Bagging (bootstrap aggregating) helps reduce overfitting by training each tree on a slightly different subset of data sampled with replacement. This naturally injects variability in the training sets, so each tree learns different patterns. When their predictions are aggregated, random fluctuations or overfitting tendencies of individual trees are smoothed out, yielding lower variance overall. The effect is further enhanced by randomly selecting a subset of features at each split.
Why do we randomly choose a subset of features for each split in a Random Forest?
If every tree considered all features for splitting, a few strongly predictive features might dominate the splits across all trees, causing them to become more correlated. This defeats the purpose of using an ensemble, as correlated models tend to make similar mistakes. By restricting each split to a random subset of features, we encourage the trees to learn diverse patterns, which increases the overall ensemble’s robustness.
How do Random Forests provide an estimate of feature importance?
During training, each node split reduces the impurity (e.g., Gini or entropy for classification) or variance (for regression). We can sum up all the impurity reductions attributed to a feature across all trees and normalize this sum to get a measure of how important each feature has been in partitioning the data. This measure can be averaged and scaled to compare features directly. Another approach is permutation-based importance, which involves randomly permuting the values of a feature and assessing how much the model’s accuracy degrades.

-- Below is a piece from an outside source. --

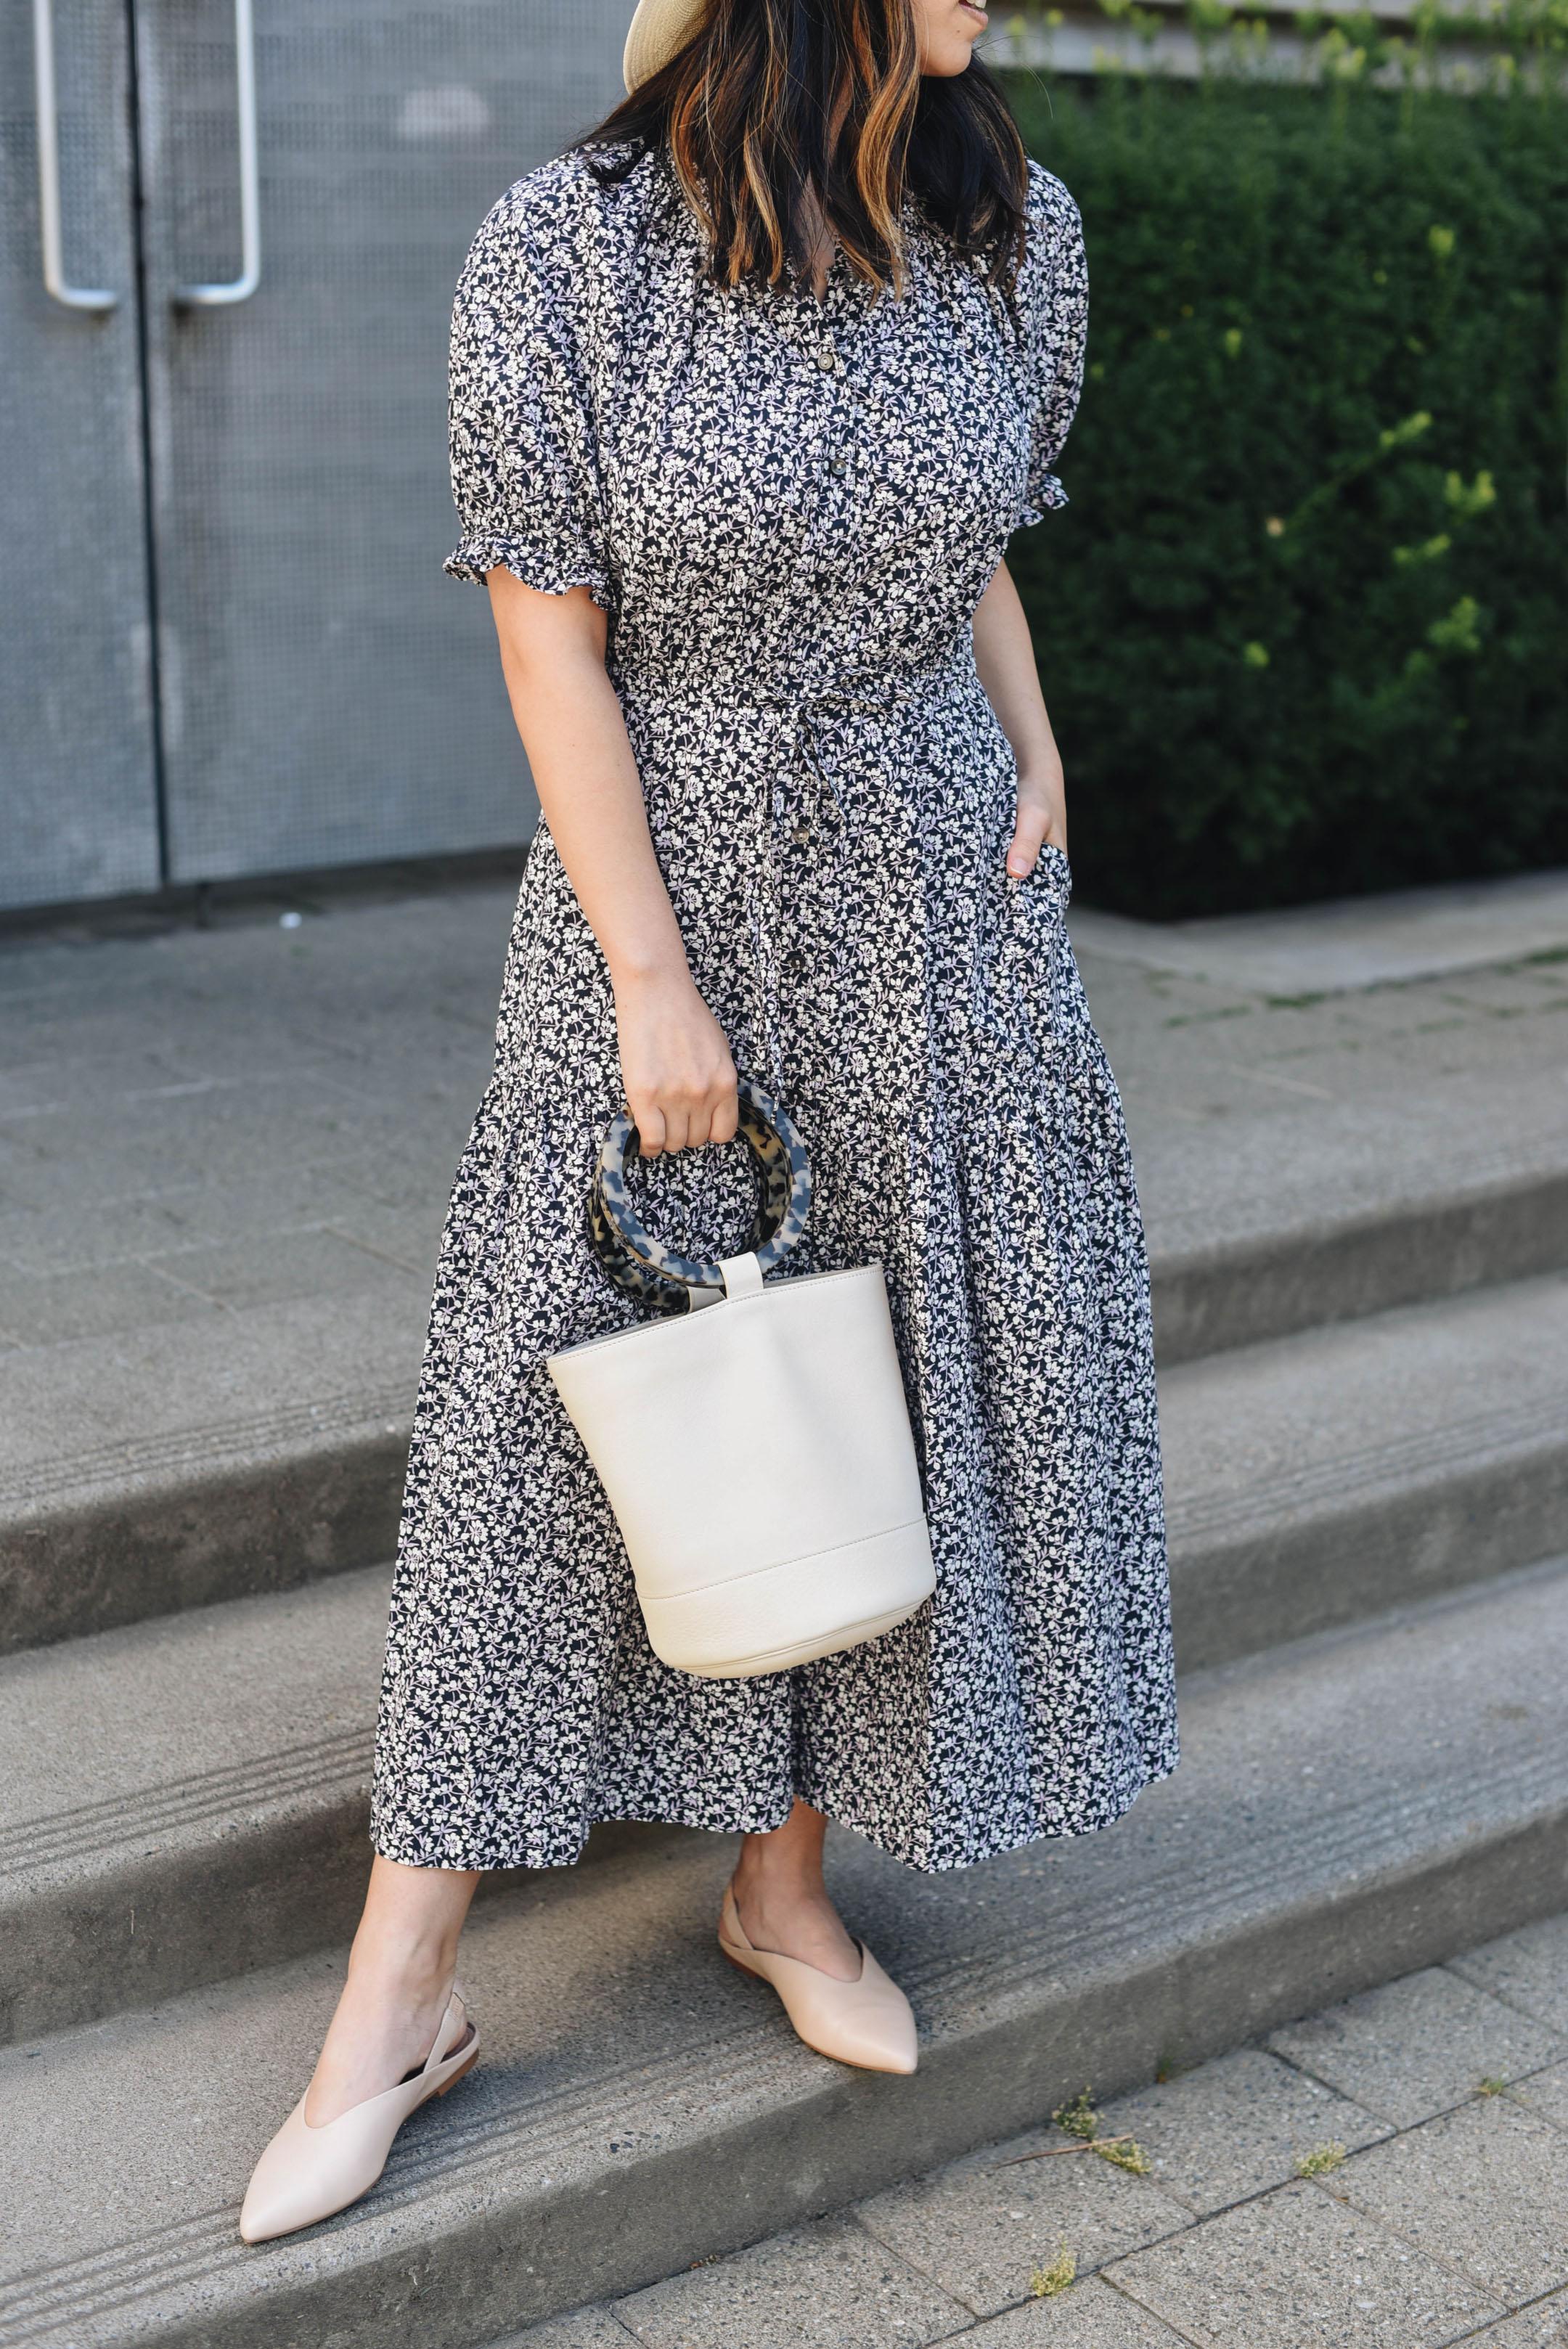 La Vie Rebecca Taylor dress 4
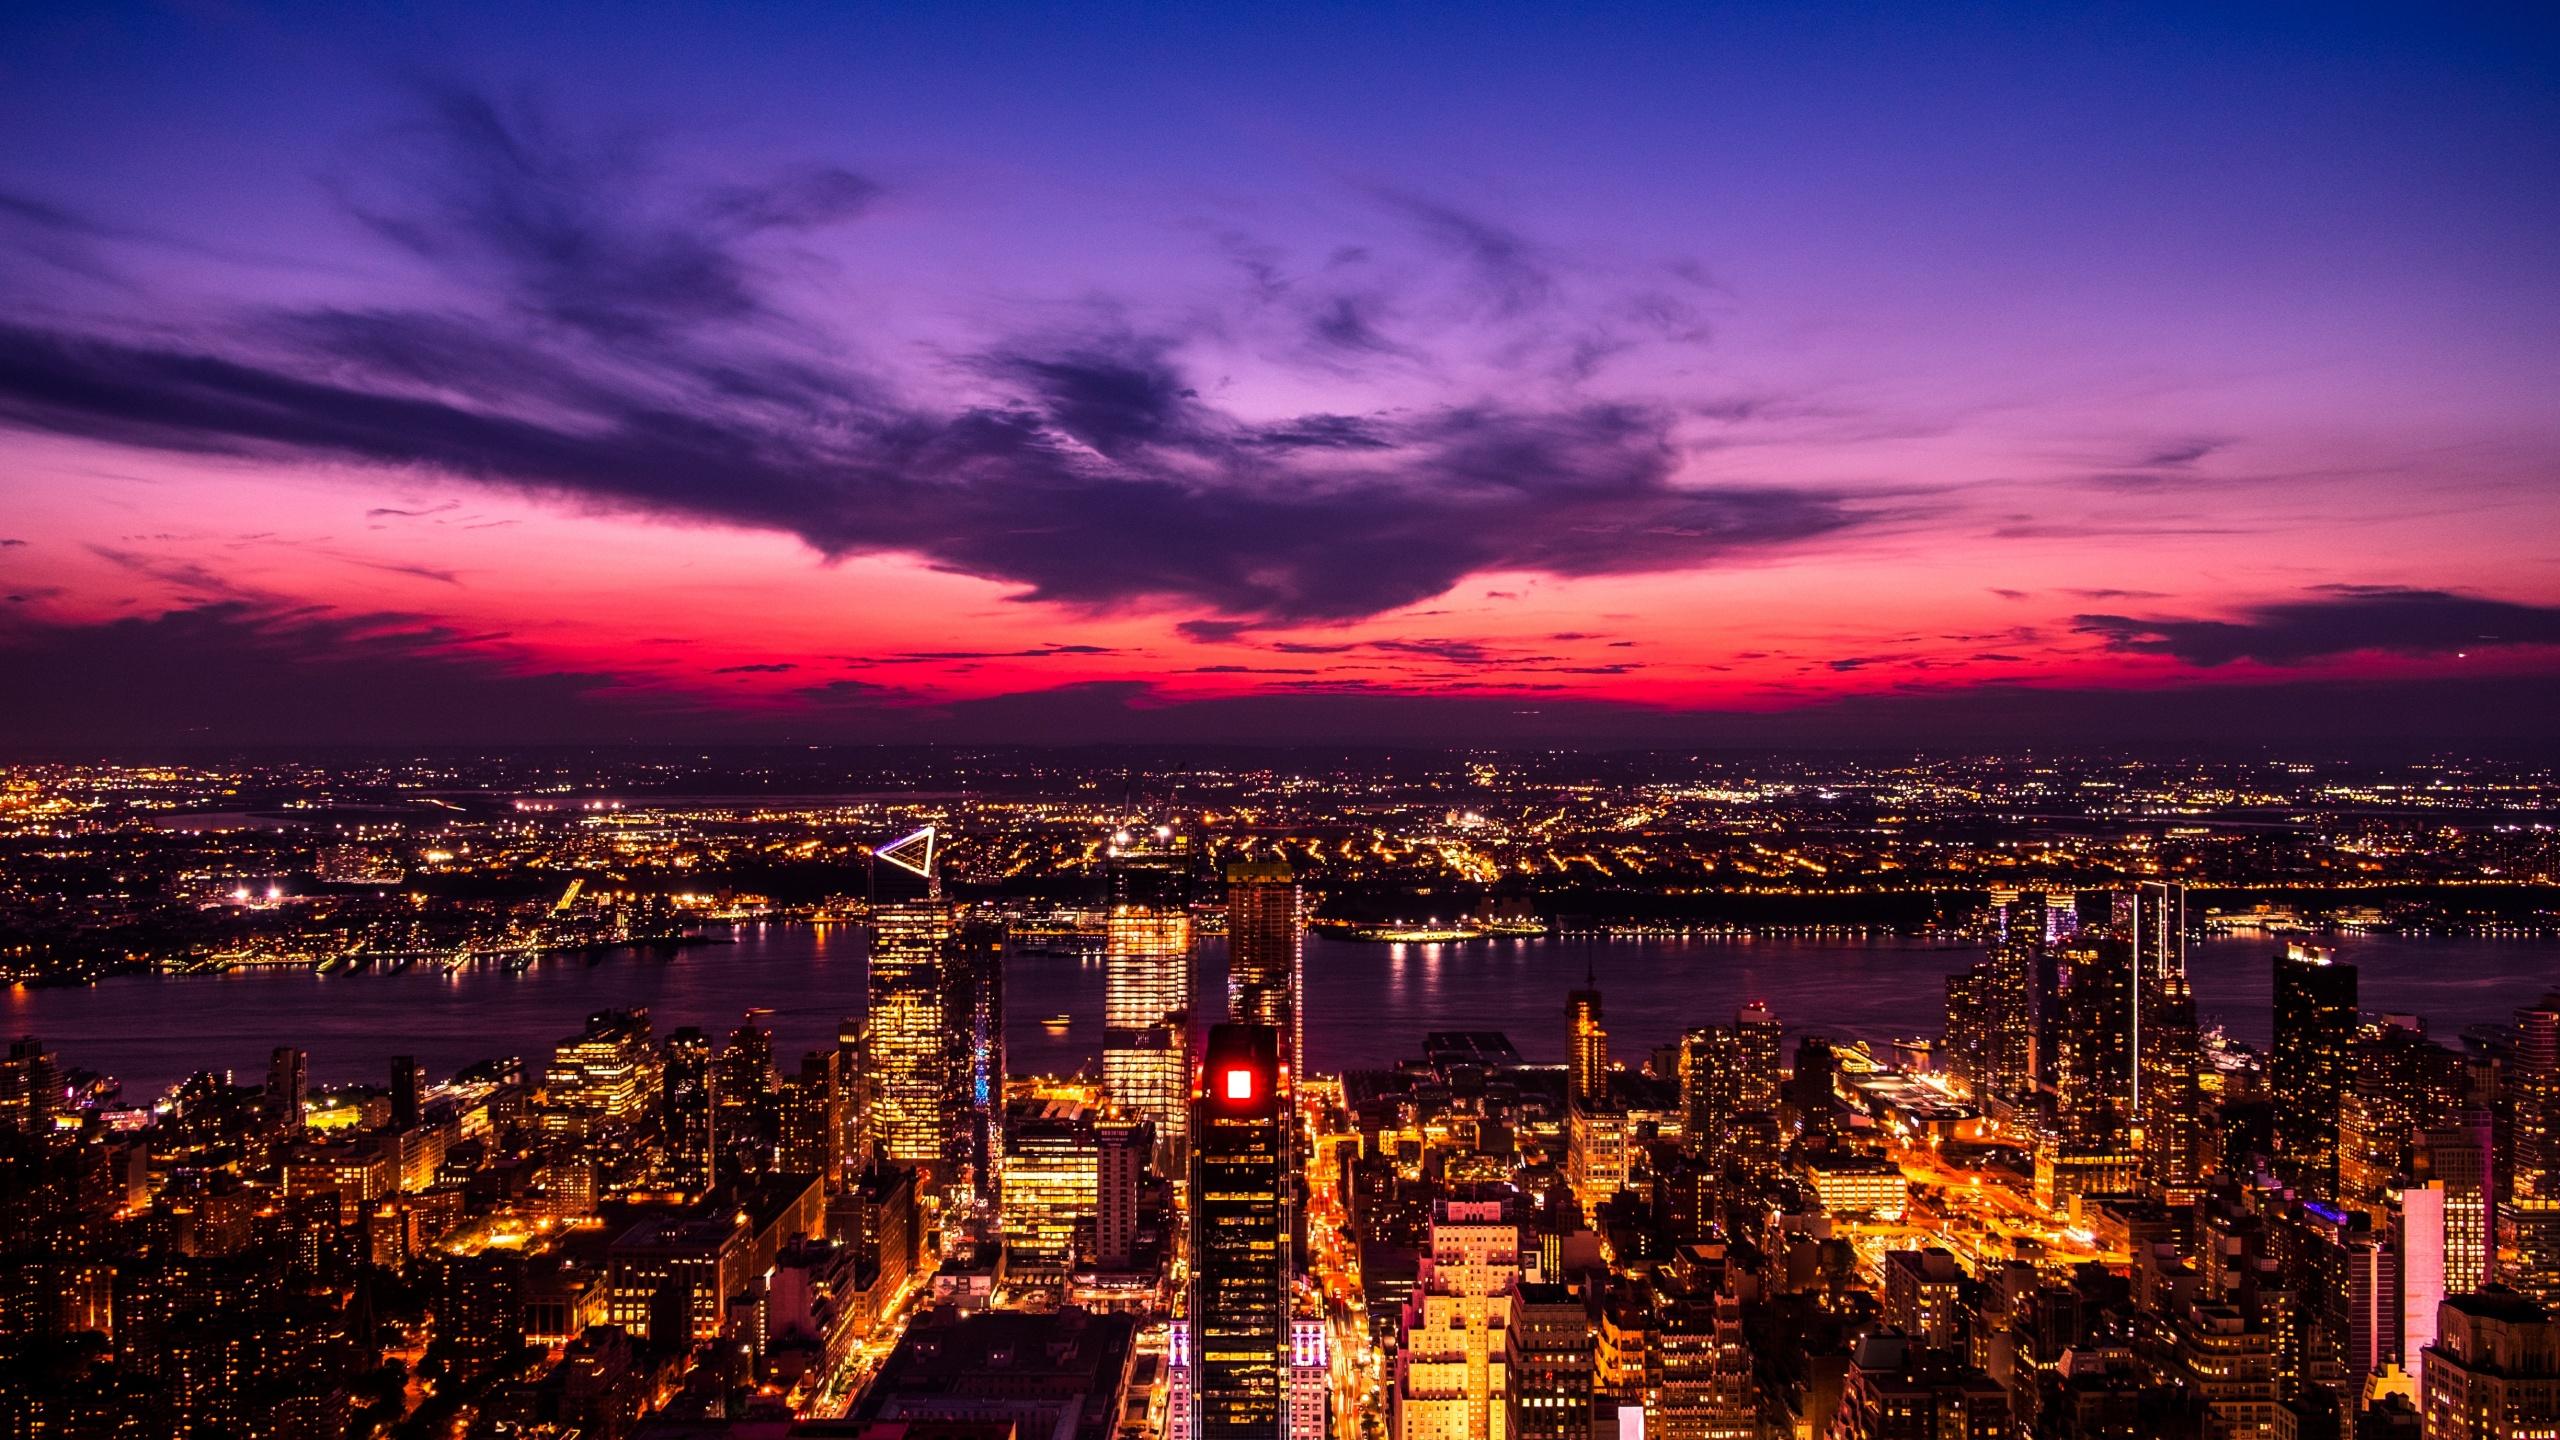 New York City 4k Wallpaper Twilight Sunset Cityscape City Lights 5k World 1543

What is out-of-bag (OOB) error and how is it used?
In bagging, each tree is trained on a bootstrap sample, typically the same size as the original dataset but with replacement. On average, each bootstrap sample will contain approximately 63% unique instances from the original data, leaving around 37% of instances (the “out-of-bag” samples) not selected. Each tree can be evaluated on its OOB samples, providing an unbiased estimate of its performance without needing a separate validation set. By aggregating the performance across all OOB samples and trees, we get the overall OOB error estimate for the Random Forest.
Can Random Forests handle high-dimensional data?
Random Forests often perform well in high-dimensional scenarios because the random feature selection at each split mitigates the risk of focusing on a small set of dominant features. However, for extremely high-dimensional problems with limited data, performance can still degrade if there are many noisy features. Techniques like feature selection or dimensionality reduction can still be beneficial.
Does increasing the number of trees in a Random Forest always improve performance?
Adding more trees generally reduces the variance in predictions, up to a certain point. However, after a large enough ensemble has been constructed, the performance gains from adding more trees tend to plateau. Furthermore, computational cost grows with more trees, so in practice, there’s a trade-off between performance, training time, and inference time.
In what scenarios might a single Decision Tree be preferable over a Random Forest?
A single Decision Tree is much faster to train and is easier to interpret. In scenarios where model interpretability in a strictly hierarchical splitting sense is paramount and the dataset is relatively small or simple, a single tree might suffice. However, if performance and generalization are priorities, a Random Forest usually outperforms a single tree.